= John Riley Holt =

English physicist (1918–2009)

John Riley Holt, FRS (15 February 1918 - 6 January 2009) was an English experimental physicist who played a part in the development of the atom bomb and later became one of the pioneers of elementary particle physics research.

==Early life and education==
Holt was born in Runcorn, Cheshire, England, in 1918, his father being a worker in a boatbuilding yard, and his mother the owner of a bakery and confectionery shop. He was educated in Runcorn and in 1934 at age 16 became an undergraduate in the physics department at the University of Liverpool. The following year James Chadwick was appointed Professor of Physics at the university, shortly after he had been awarded the Nobel Prize in Physics for proving the existence of the neutron. During the time that Holt was a student, Chadwick built a cyclotron, then a newly invented research tool, in the physics department. Holt graduated with first class honours in 1938 and won the Oliver Lodge Prize. Chadwick took him on as a research student describing him as "the best research student he had ever supervised".

==Career and research==
During the Second World War, Chadwick formed a team, which included Holt, to perform measurements, some of which involved the cyclotron, to confirm the findings in the Frisch–Peierls memorandum relating to the critical mass required for an atomic bomb. Some of the experiments were performed in a Liverpool Underground station during the Liverpool blitz. This work led to Holt completing his PhD in 1941. The thesis describes his work on artificial radioactivity, but his findings on uranium, which related to the bomb, were not released for security reasons. Holt's work played a part in proving the feasibility of the production of a nuclear weapon.

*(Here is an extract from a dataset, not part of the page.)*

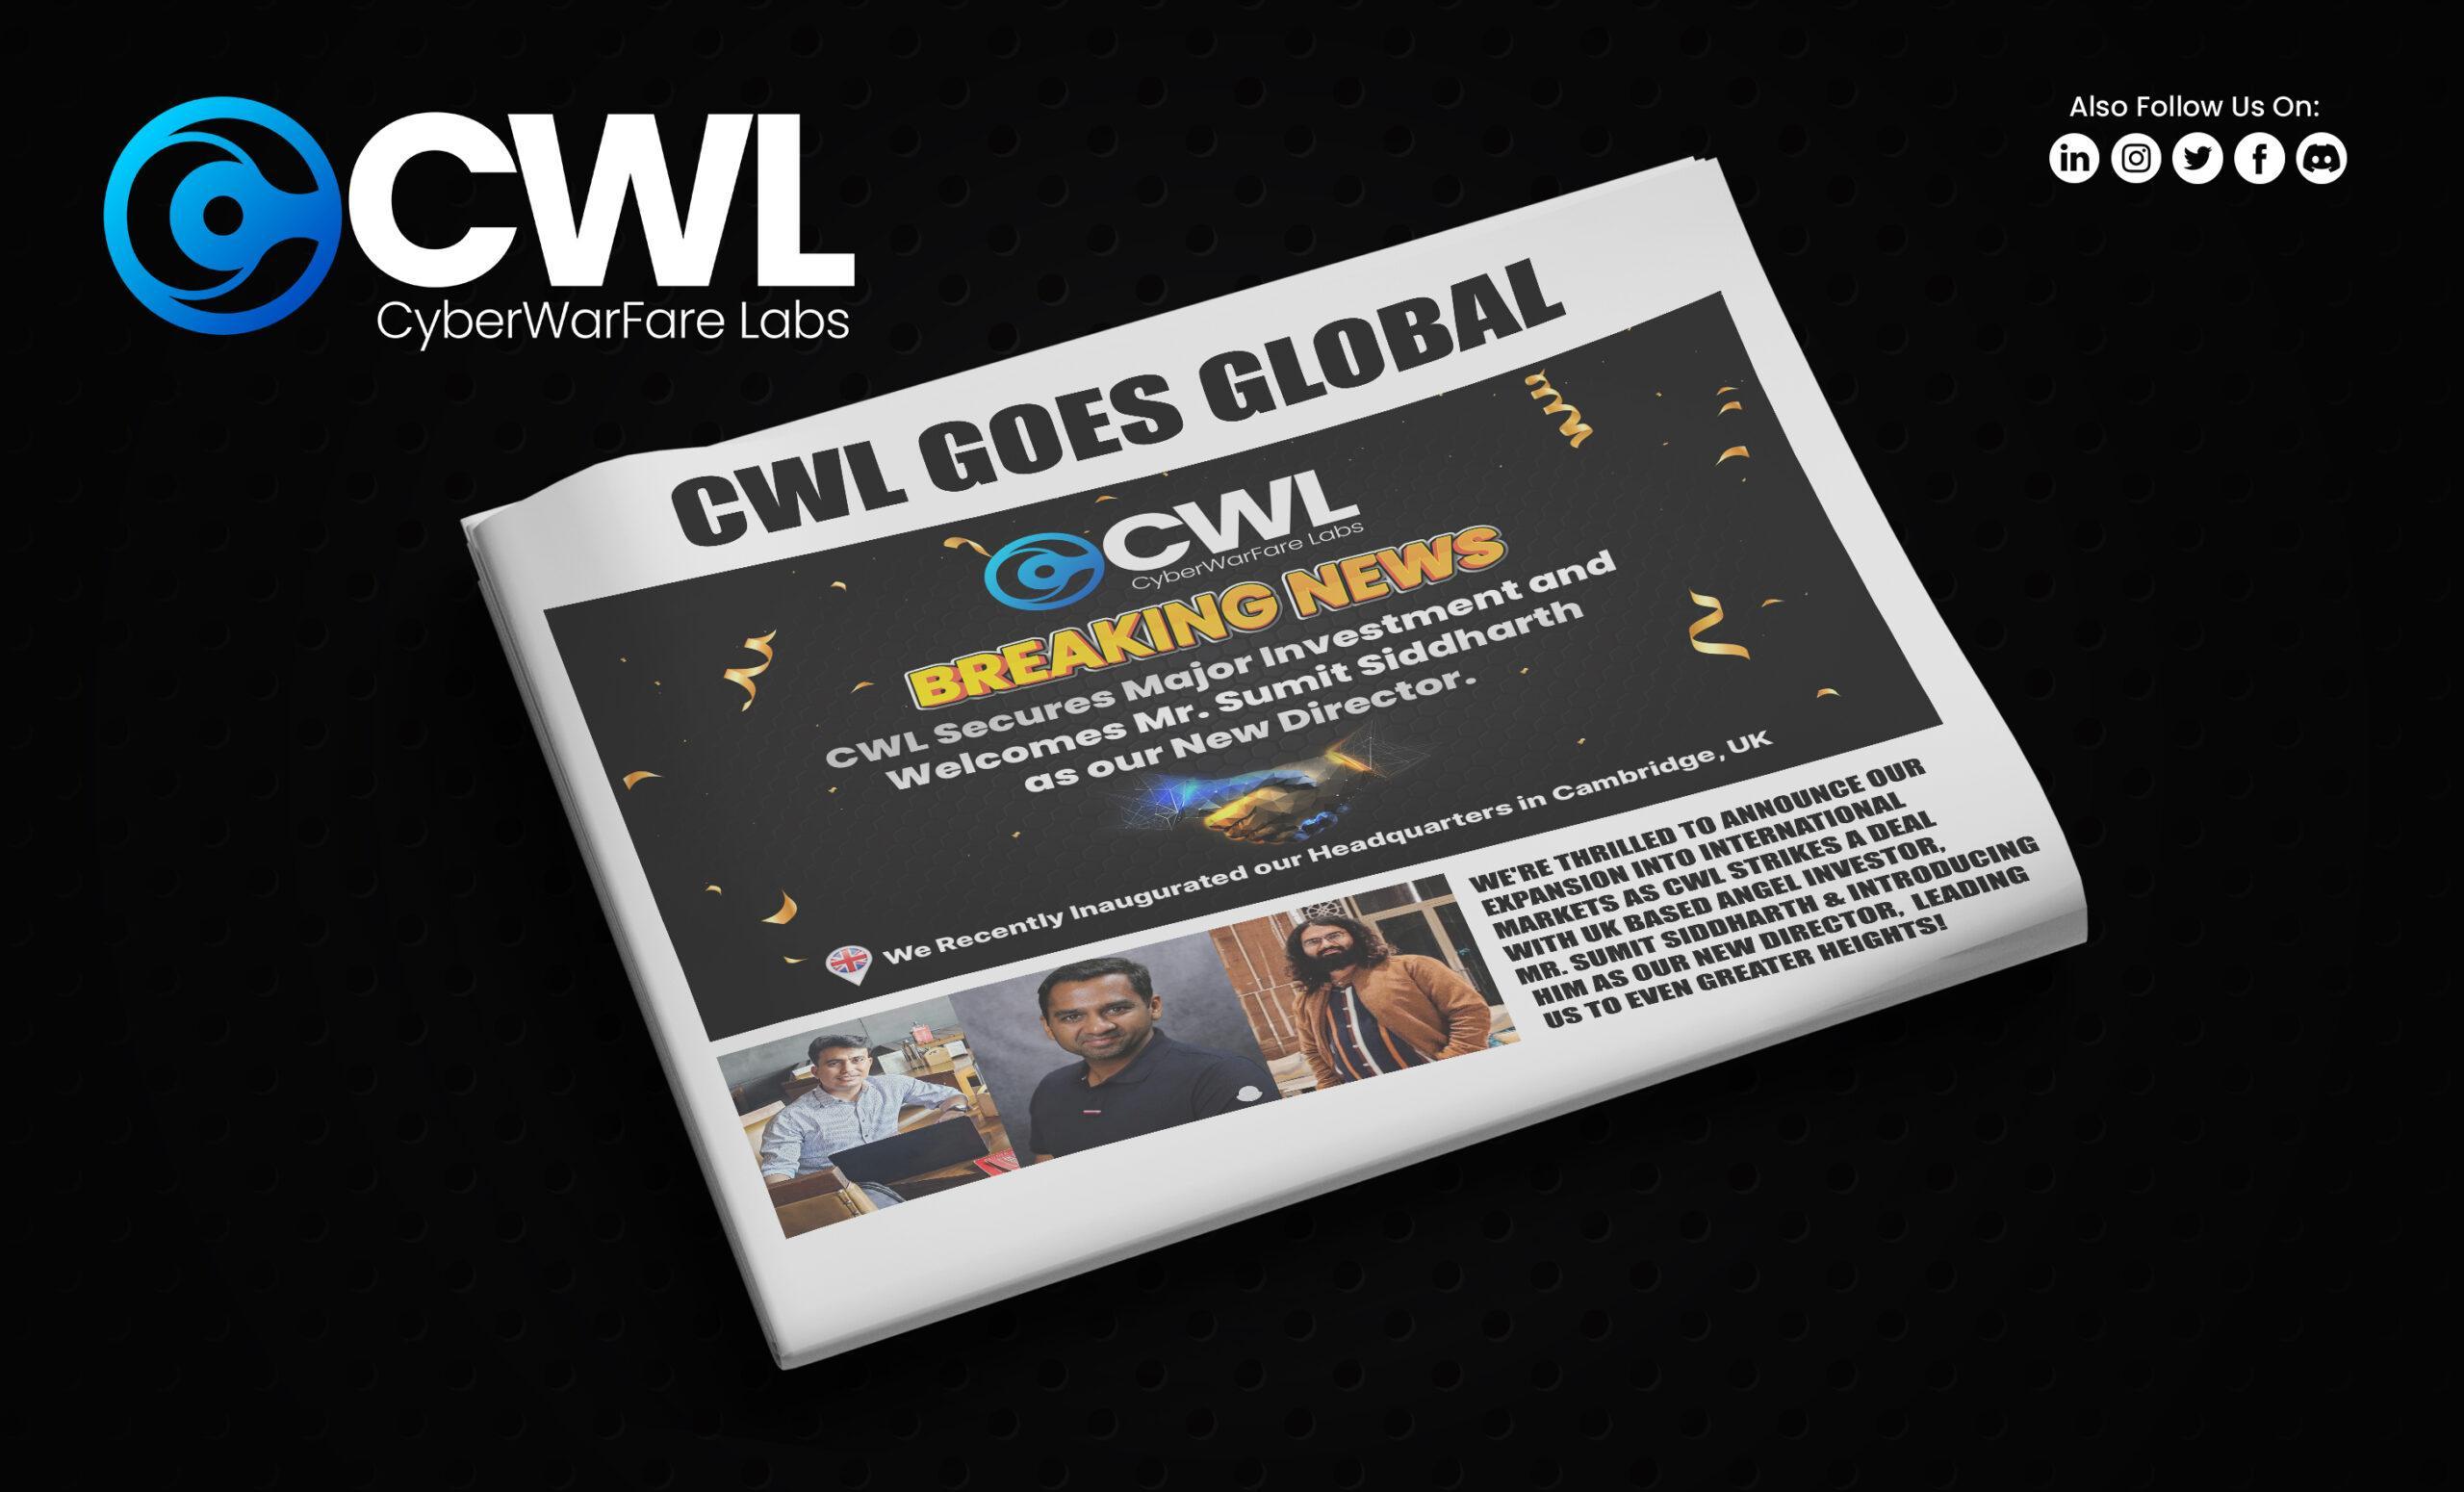 CWL Secures Huge Investment Deal and Appoints Sumit Siddharth as Director

Following the war, Holt was appointed lecturer at the University of Liverpool in 1946 and Professor of Experimental Physics in 1966. He was involved with the design of a larger cyclotron and in 1949, with C. T. Young discovered low-energy deuteron stripping. Using the more powerful synchrocyclotron, Holt's team carried out experiments on the weak interaction responsible for the decay of the muon, which played a large part in the current understanding of the Standard Model. In the early 1960s, Holt was involved with the design of the electromagnets for the electron synchrotron at Daresbury Laboratory and in 1964 he was elected a Fellow of the Royal Society. In the 1970s and 1980s he led the Liverpool group in the European Muon Collaboration at CERN. This group investigated proton structure and discovered that proton spin was not carried by the valence quarks, which overturned the previous predictions. Holt retired in 1983.